A mulher passou o braço pelos ombros de Mason.
— Você é uma adulta. Não tinha direito algum de encostar nele.
— Eu tinha o direito de impedir que Will recebesse outro golpe. Foi exatamente o que fiz.
O pai de Mason avançou um passo, e Will segurou minha mão. Senti seus dedos apertarem os meus e imediatamente o mantive um pouco mais atrás de mim.
— A polícia está vindo — o homem disse. — Vamos descobrir se eles concordam com essa sua versão.
— Ótimo. Espero que também estejam interessados em saber por que seu filho de treze anos levou uma criança de sete para uma área afastada da escola e começou a bater nela.

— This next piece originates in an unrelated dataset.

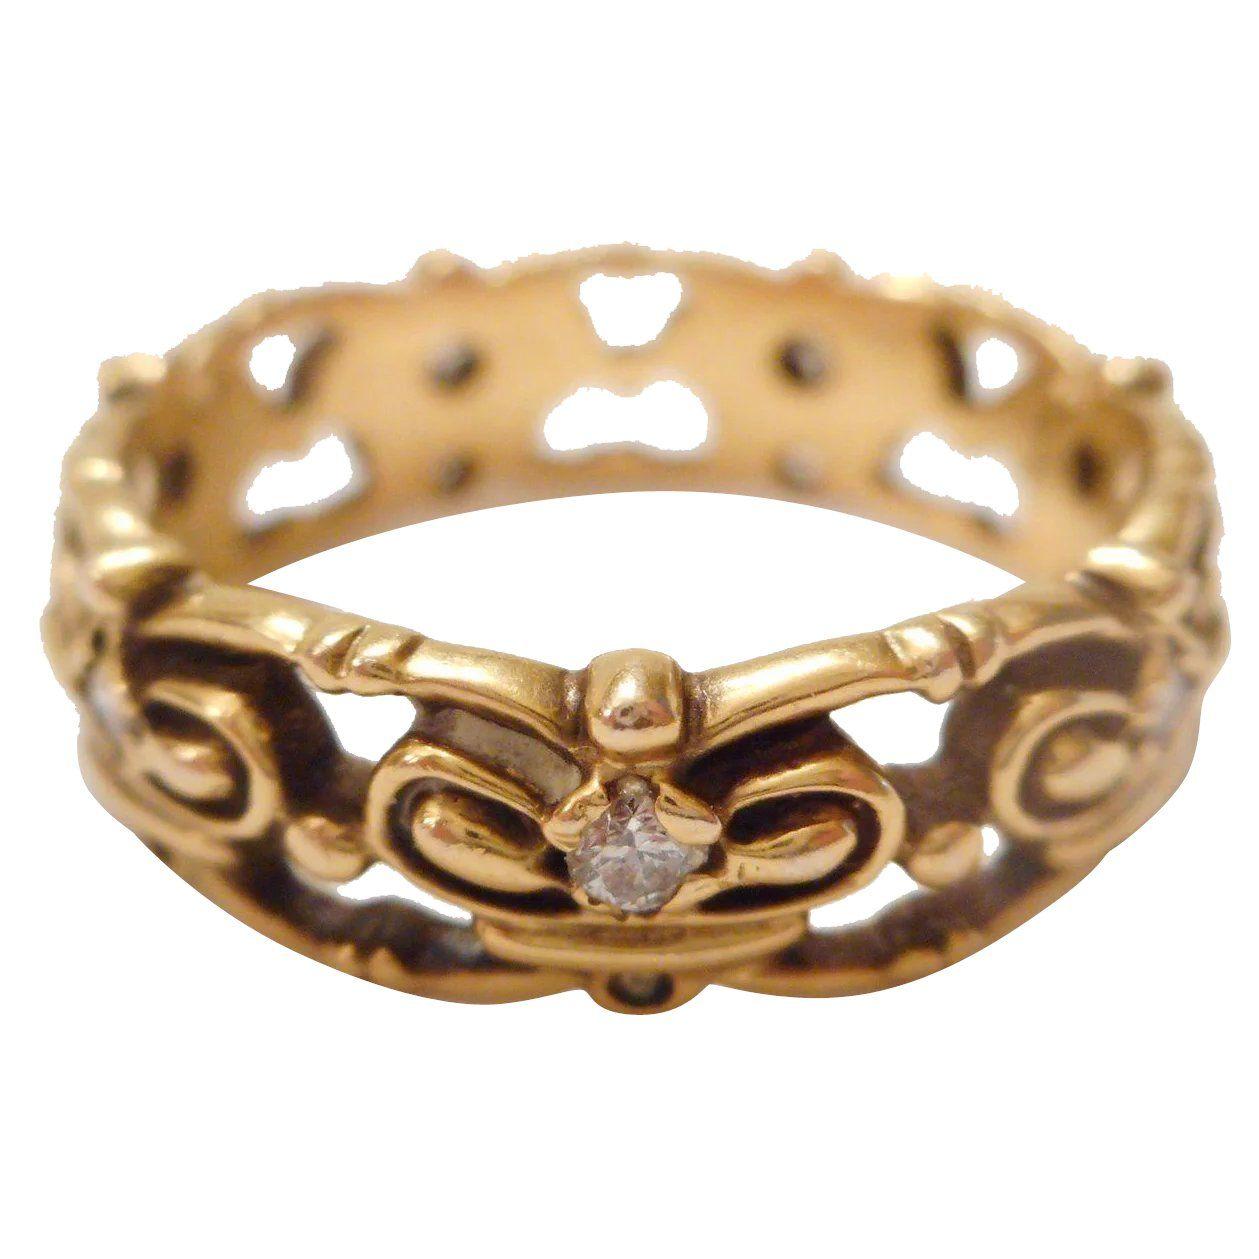 FANCY Vintage 14kt Yellow Gold & Diamond CROWN Wedding or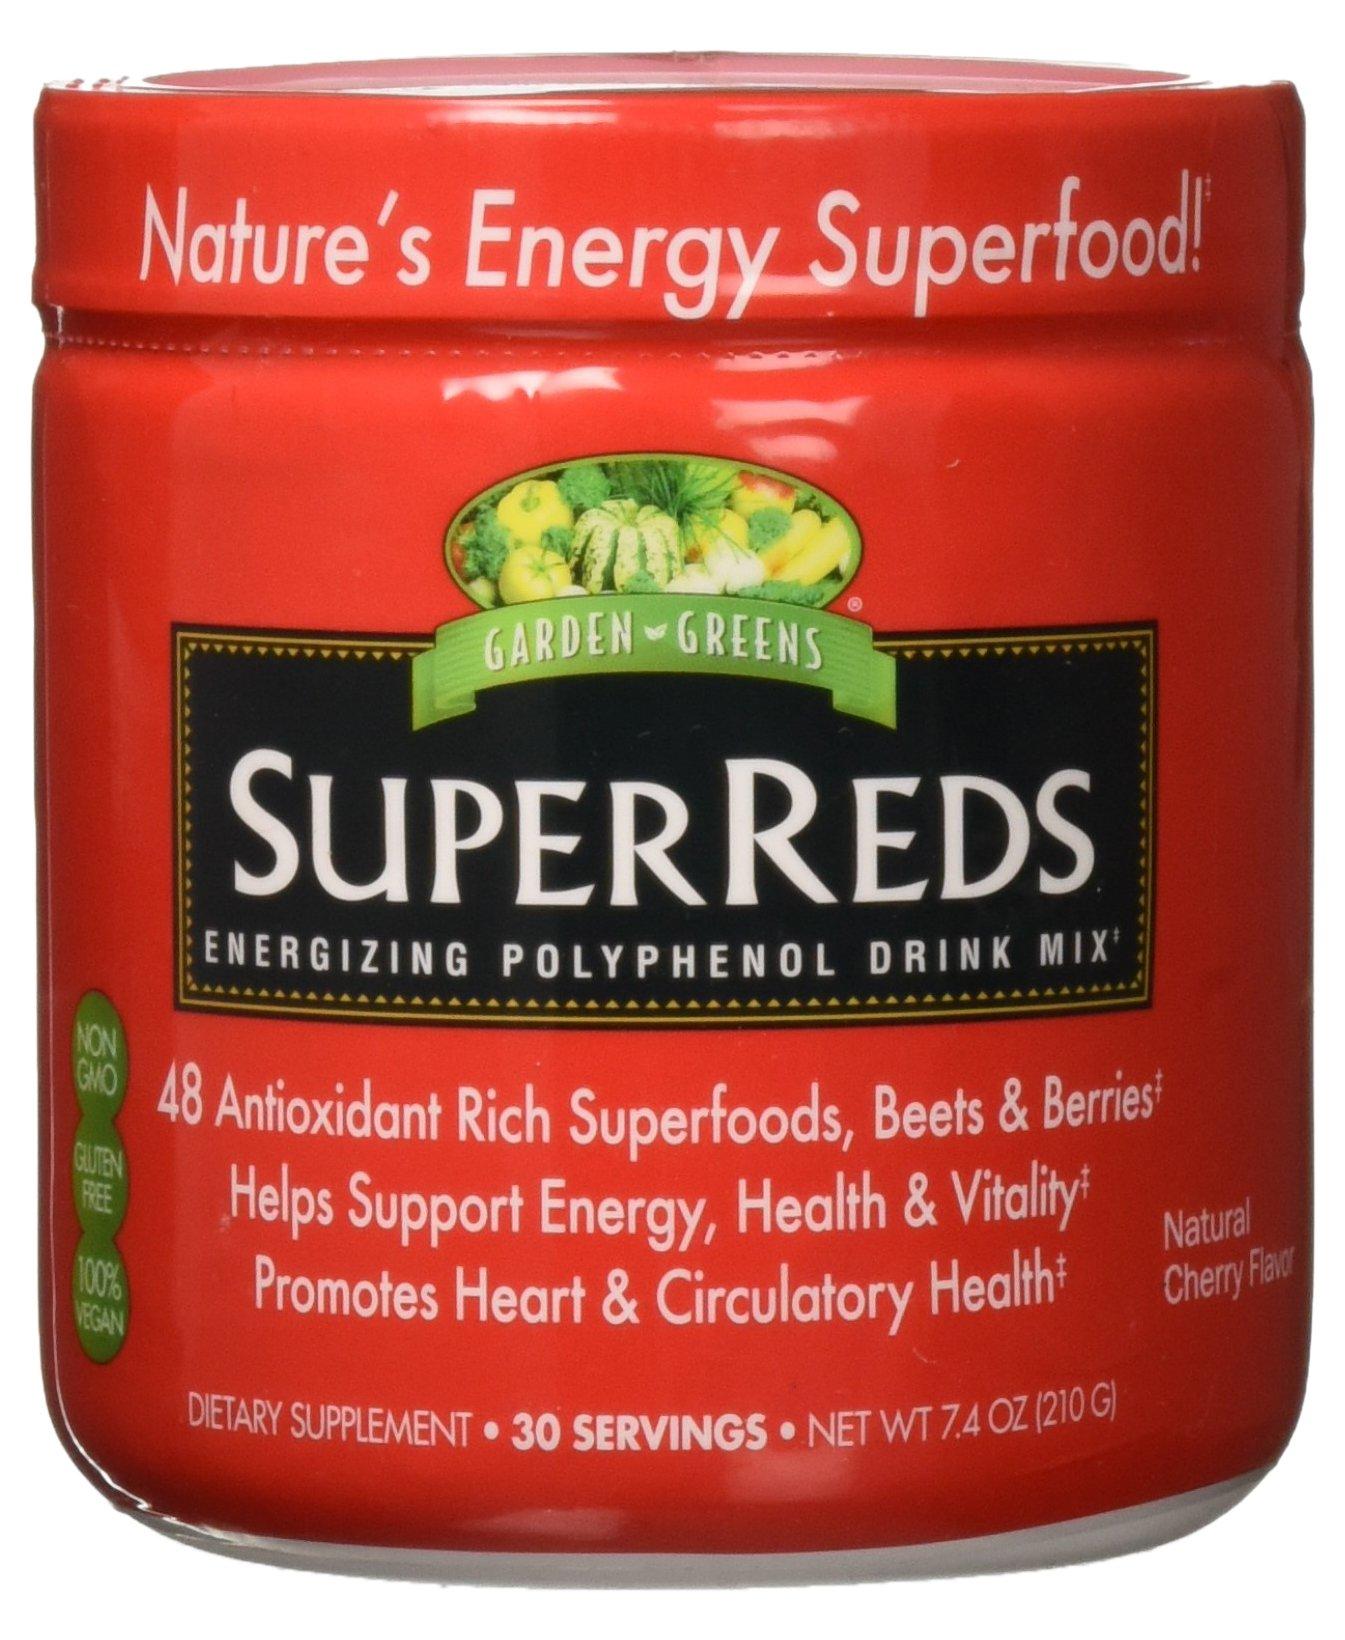 Garden Greens Super Reds Energizing Polyphenol Superfoods, Antioxidants, Powder Drink Mix, 30servings by Garden Greens

— Cuidado com suas acusações.
— Não é uma acusação quando eu vi acontecer.
Ele me encarou com crescente irritação.
— Você não sabe o problema que arranjou para si mesma.
— Se o problema foi impedir seu filho de bater em Will, consigo conviver com isso.
— Vai se arrepender de ter encostado no meu filho. Eu vou me certificar pessoalmente de que...
— Isso é uma ameaça?
A voz de Jacob veio da porta e interrompeu o homem no meio da frase.
Todos olharam naquela direção.
Jacob acabara de entrar na enfermaria acompanhado por Paul. As roupas denunciavam que ele provavelmente não havia passado em casa desde a noite anterior. A barba estava um pouco mais marcada e havia sinais discretos de cansaço em seu rosto, mas nada na postura dele sugeria um homem que tivesse atravessado uma noite sem dormir. Seus olhos encontraram primeiro Will e imediatamente desceram para o corte no canto da boca do filho. A mudança em sua expressão foi mínima, porém eu já o conhecia o suficiente para perceber o endurecimento do maxilar antes que ele voltasse a atenção para o homem à minha frente.
O pai de Mason ficou calado.
Jacob entrou na sala e parou ao meu lado, olhando diretamente para ele.
— O senhor estava dizendo que ela se arrependeria de ter encostado no seu filho e que se certificaria pessoalmente disso. Perguntei se devo interpretar suas palavras como uma ameaça.
O homem olhou para Jacob em silêncio.